I was asked this question regarding correlation recently, and although it seems intuitive, I still haven't worked out the answer satisfactorily. I hope you can help me out with this seemingly simple question.

Suppose I have three random variables $A$, $B$, $C$. Is it possible to have these three relationships satisfied? $$ \mathrm{corr}[A,B] = 0.9 $$ $$ \mathrm{corr}[B,C] = 0.8 $$ $$ \mathrm{corr}[A,C] = 0.1 $$ My intuition is that it is not possible, although I can't see right now how I can prove this conclusively.

Answer 1

You can use the fact, that correlations can be understood as cosines between vectors from the common origin. Then apply the arccos-function, and check, whether all possible pairwise sums are greater than the third angle, such that they make a tetraeder. I get

[acos(0.9),acos(0.8),acos(0.1)]
 %1695 = [0.451026811796, 0.643501108793, 1.47062890563]

The sum of the first and the second is smaller than the third, so that combination cannot stem from a trivariate correlation.

Answer 2

Assume without loss of generality that the random variables $A$, $B$, $C$ are standard, that is, with mean zero and unit variance. Then, for any $(A,B,C)$ with the prescribed covariances, $$\mathrm{var}(A-B+C)=\mathrm{var}(A)+\mathrm{var}(B)+\mathrm{var}(C)-2\mathrm{cov}(A,B)-2\mathrm{cov}(B,C)+2\mathrm{cov}(A,C), $$ that is, $$ \mathrm{var}(A-B+C)=3-2\cdot0.9-2\cdot0.8+2\cdot0.1=-0.2\lt0, $$ which is absurd.

Edit: Since correlations are cosines, for every random variables such that $\mathrm{corr}(A,B)=b$, $\mathrm{corr}(A,C)=c$ and $\mathrm{corr}(B,C)=a$, one must have $$ a\geqslant bc-\sqrt{1-b^2}\sqrt{1-c^2}. $$ For $b=0.9$ and $c=0.8$, this yields $a\geqslant.458$.

Answer 3

As a follow up to one of the other answers, I'd like to finish the solution to make it clear.
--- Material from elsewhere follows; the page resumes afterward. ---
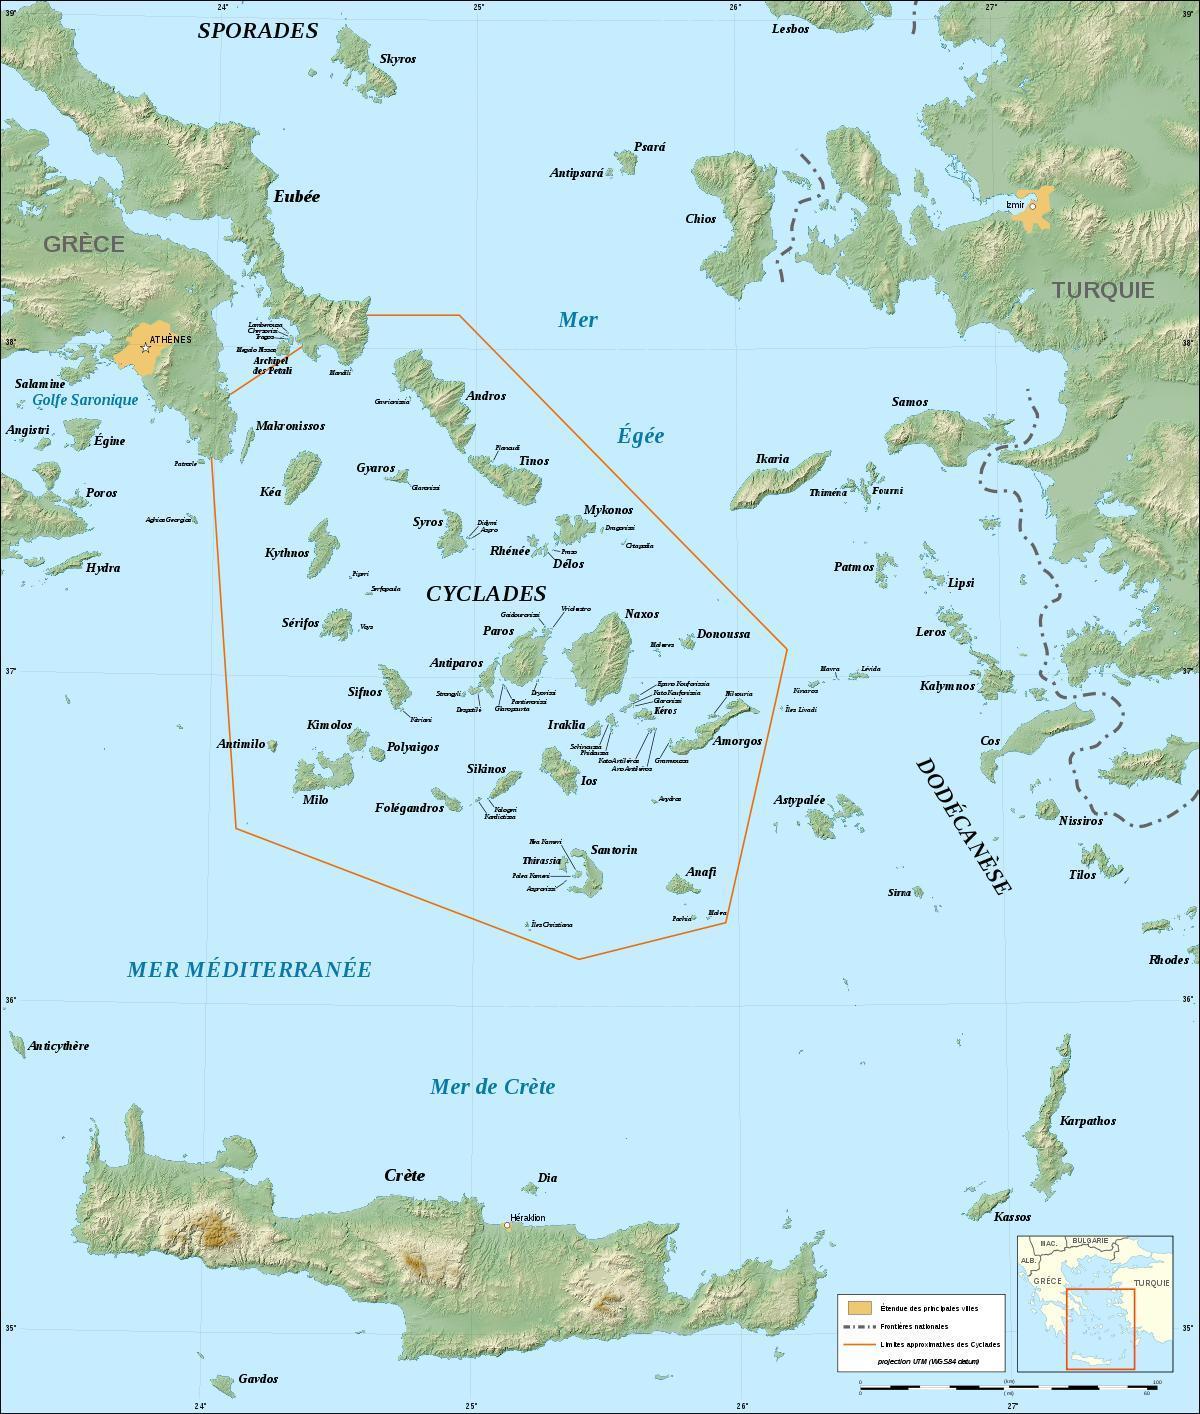 kykladerna karta Grekiska kykladerna karta   Karta över kykladerna grekiska öarna  kykladerna karta

I find this approach very nice (Borat accent).

In order to generate the correlation matrix, you can leave one of the correlations as $\rho$, I'm leaving $\rho_{AC}$ here. \begin{bmatrix} 1 & 0.9 & \rho\\ 0.9 & 1 & 0.8\\ \rho & 0.8 & 1 \end{bmatrix}

Now, if you calculate the determinant, you'll get the bound for $\rho$. Determinant calculation would result in the following equation (note that the matrix above is a correlation matrix and has to be at least semidefinite):

$$ -0.45 + 0.72\rho + 0.72\rho - \rho^2 \ge 0 $$

making it nicer, it will look like this: $$ \rho^2 - 1.44\rho + 0.45 \le 0 $$

which is correct if $ 0.458 \le \rho \le 0.981 $. This means that the correlation between $A$ and $C$ should be in this range, which isn't.

Answer 4

For @egreif1 answer, it can be easily understood that $\rho(X, Y) = \rho(X - EX, Y)$, after shifting and scaling ,the correlation between two variables are same. So for the purpose of simplification, we can work with zero mean and unit variance r.v.s. It may be another thought about Hilbert's space.